• Supplied data:
########################################

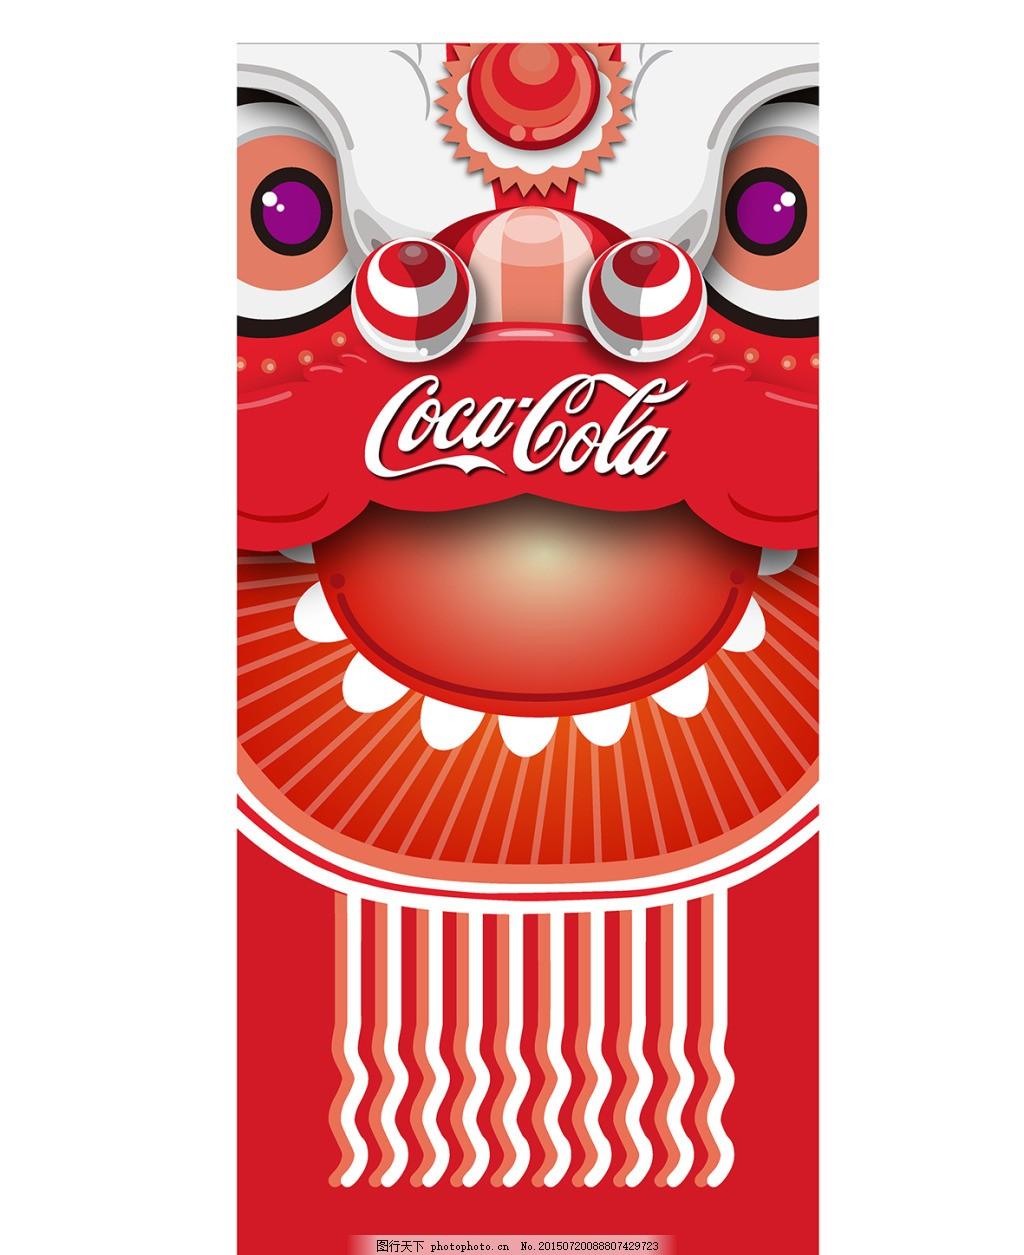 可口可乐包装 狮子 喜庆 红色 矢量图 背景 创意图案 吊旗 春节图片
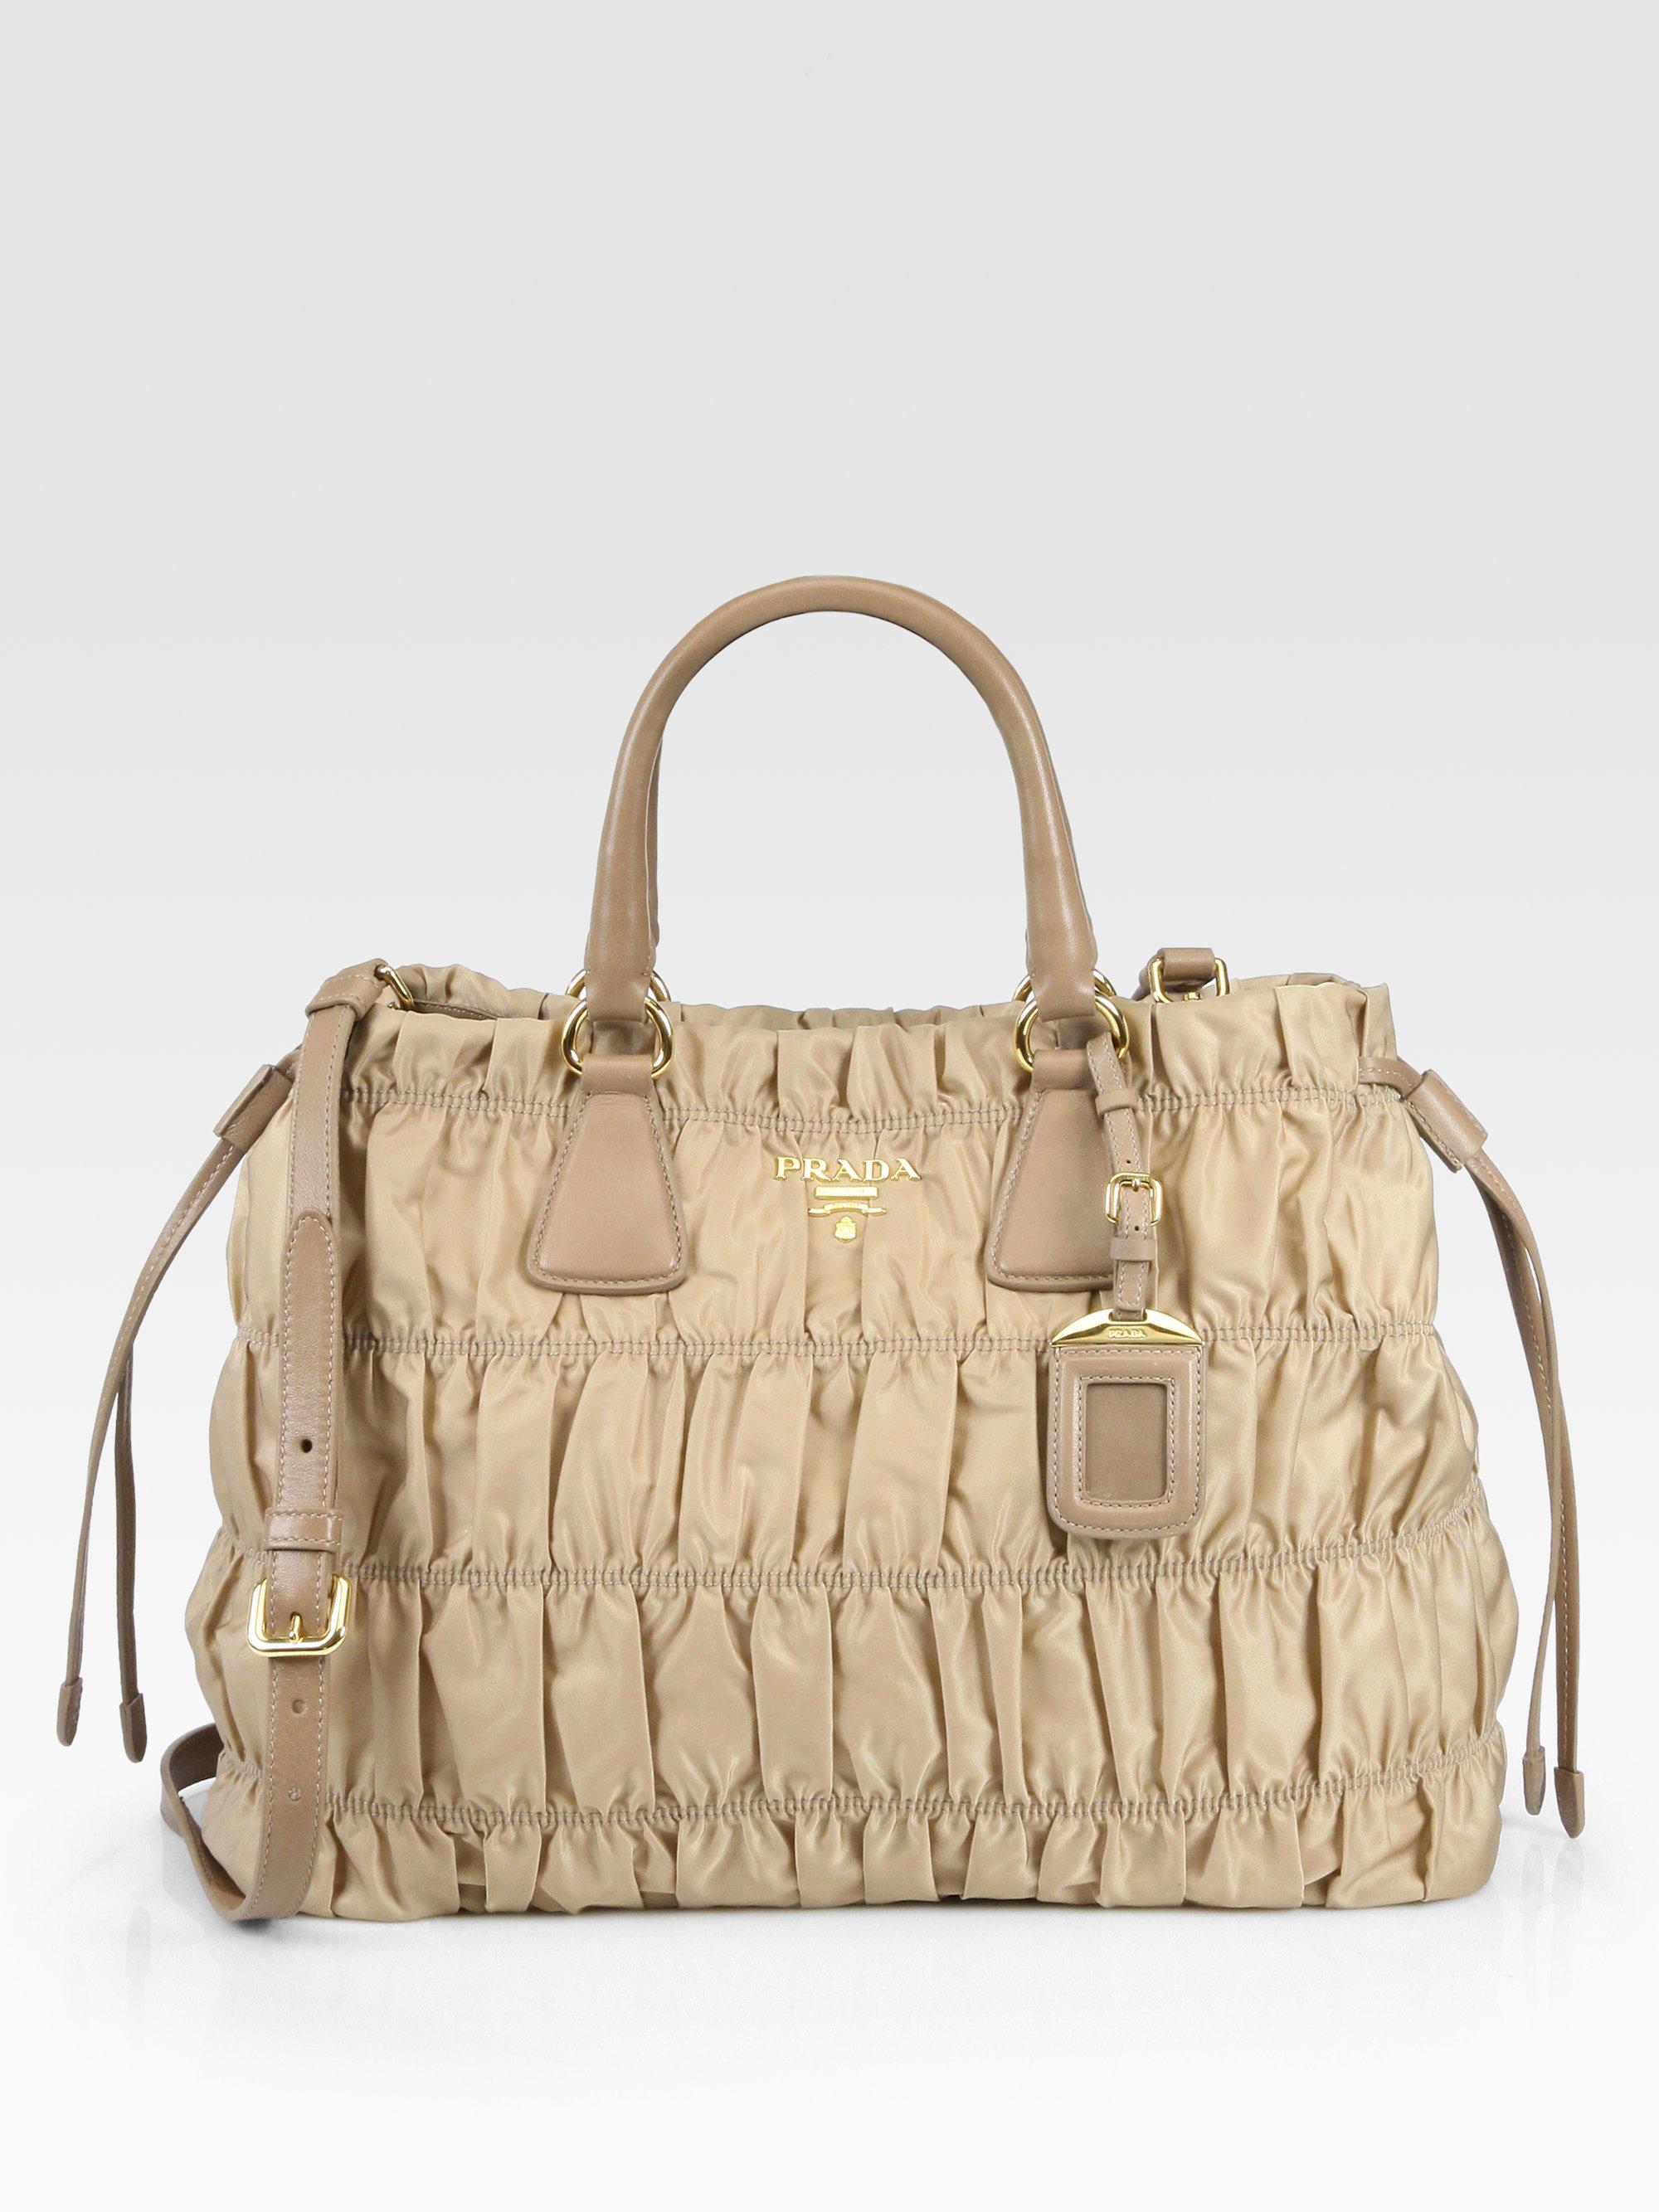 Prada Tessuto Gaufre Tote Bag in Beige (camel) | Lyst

########################################

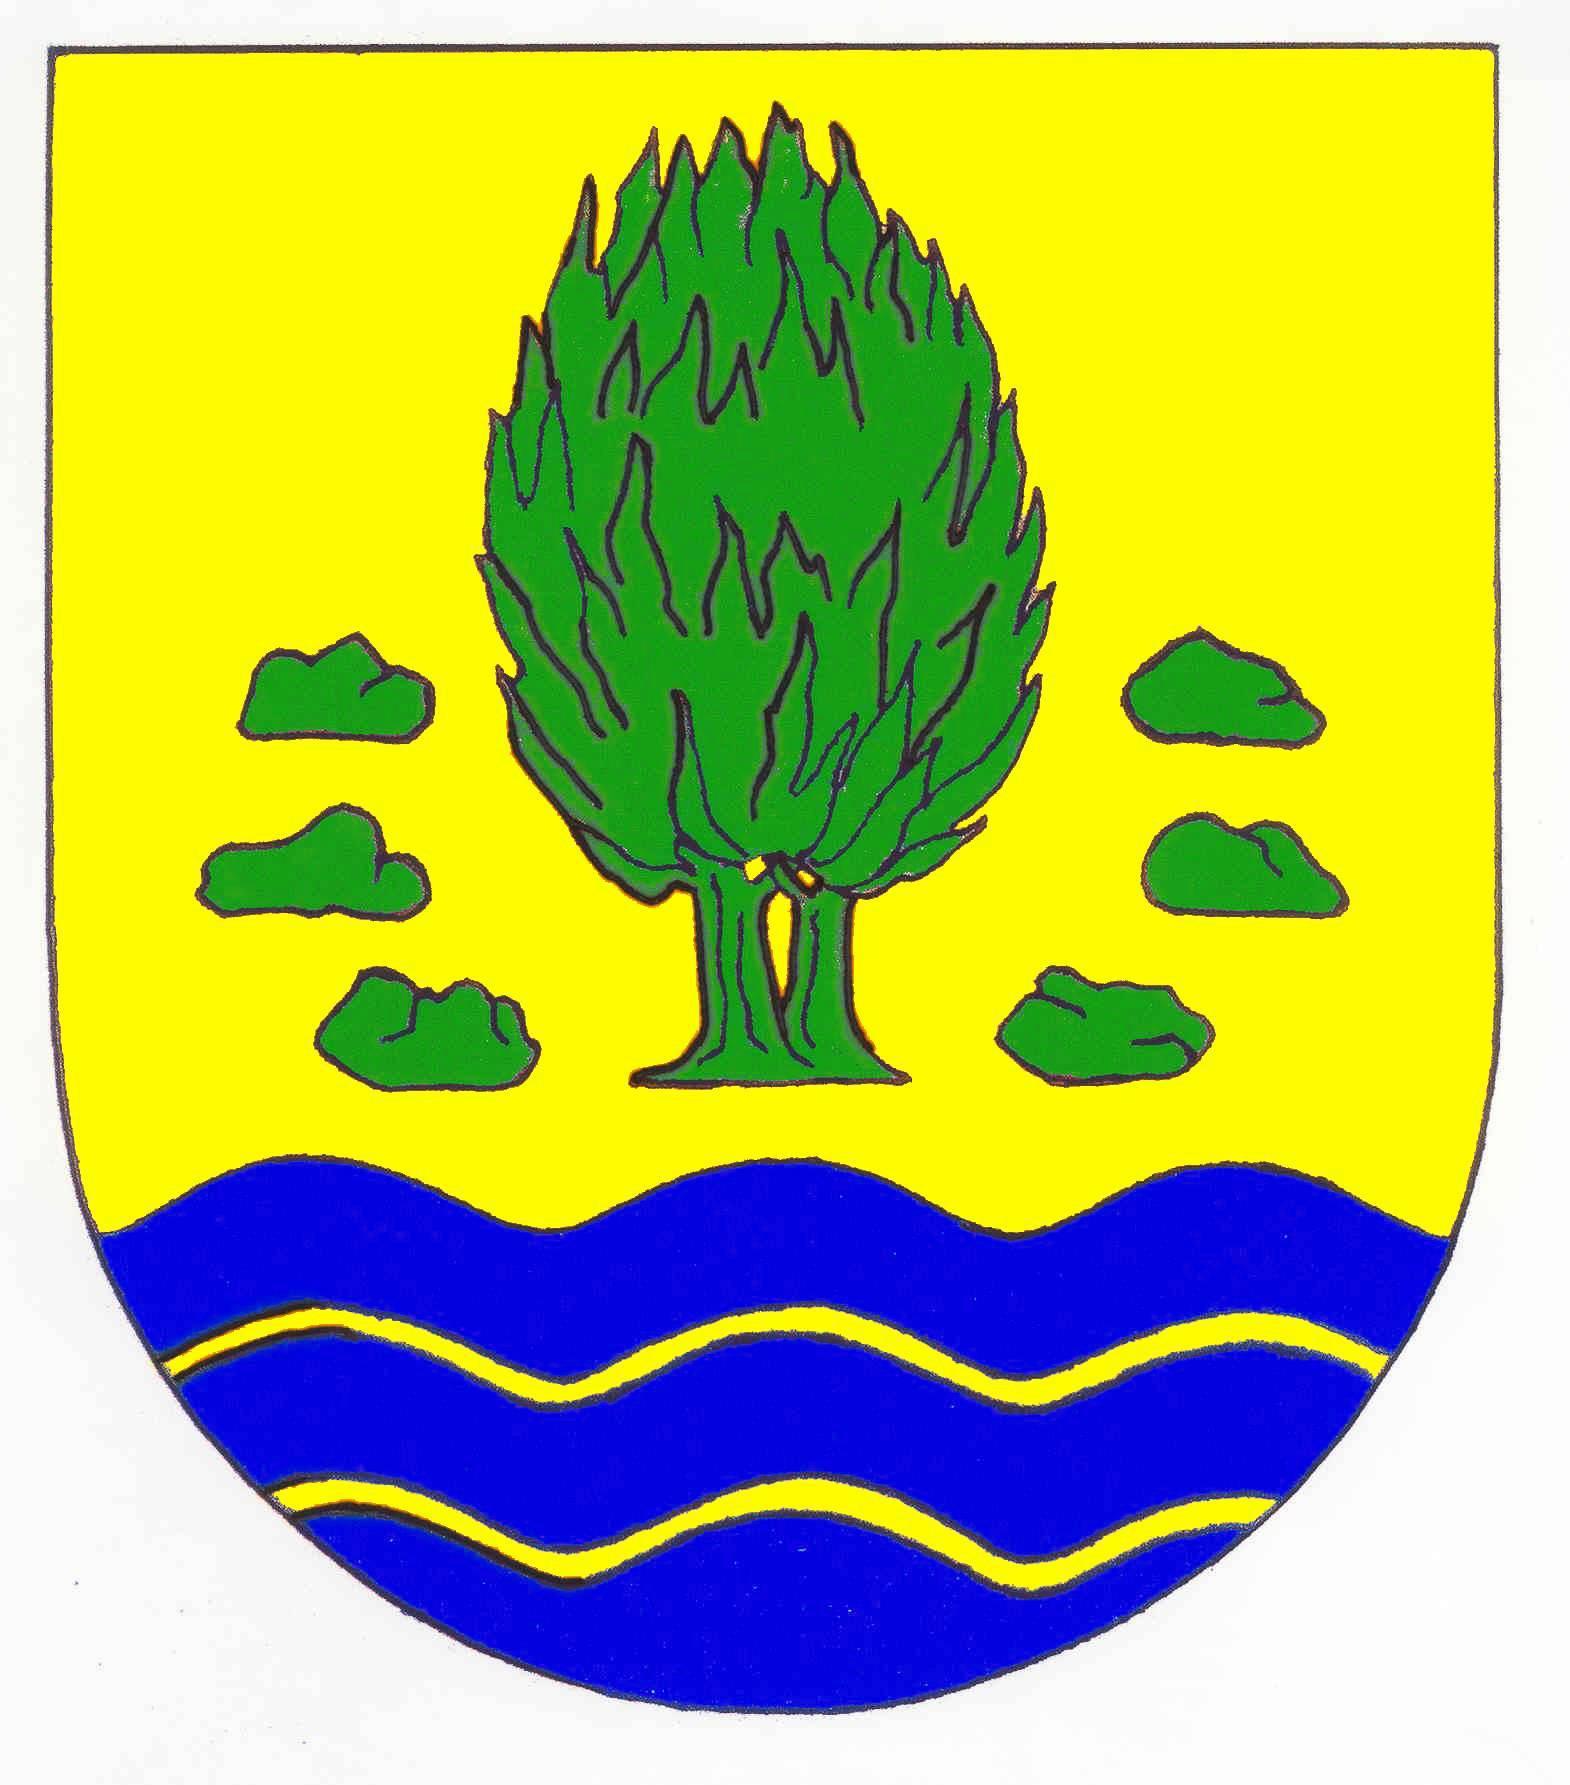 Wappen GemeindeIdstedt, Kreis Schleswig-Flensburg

########################################

• What you are asked to do:
Your answer must be the lines above from the one holding "可口可乐包装 狮子 喜庆 红色 矢量图 背景 创意图案 吊旗 春节图片" up to and including the one holding "Prada Tessuto Gaufre", exact and with no pictures.

• Solution to this task:
 可口可乐包装 狮子 喜庆 红色 矢量图 背景 创意图案 吊旗 春节图片
 Prada Tessuto Gaufre Tote Bag in Beige (camel) | Lyst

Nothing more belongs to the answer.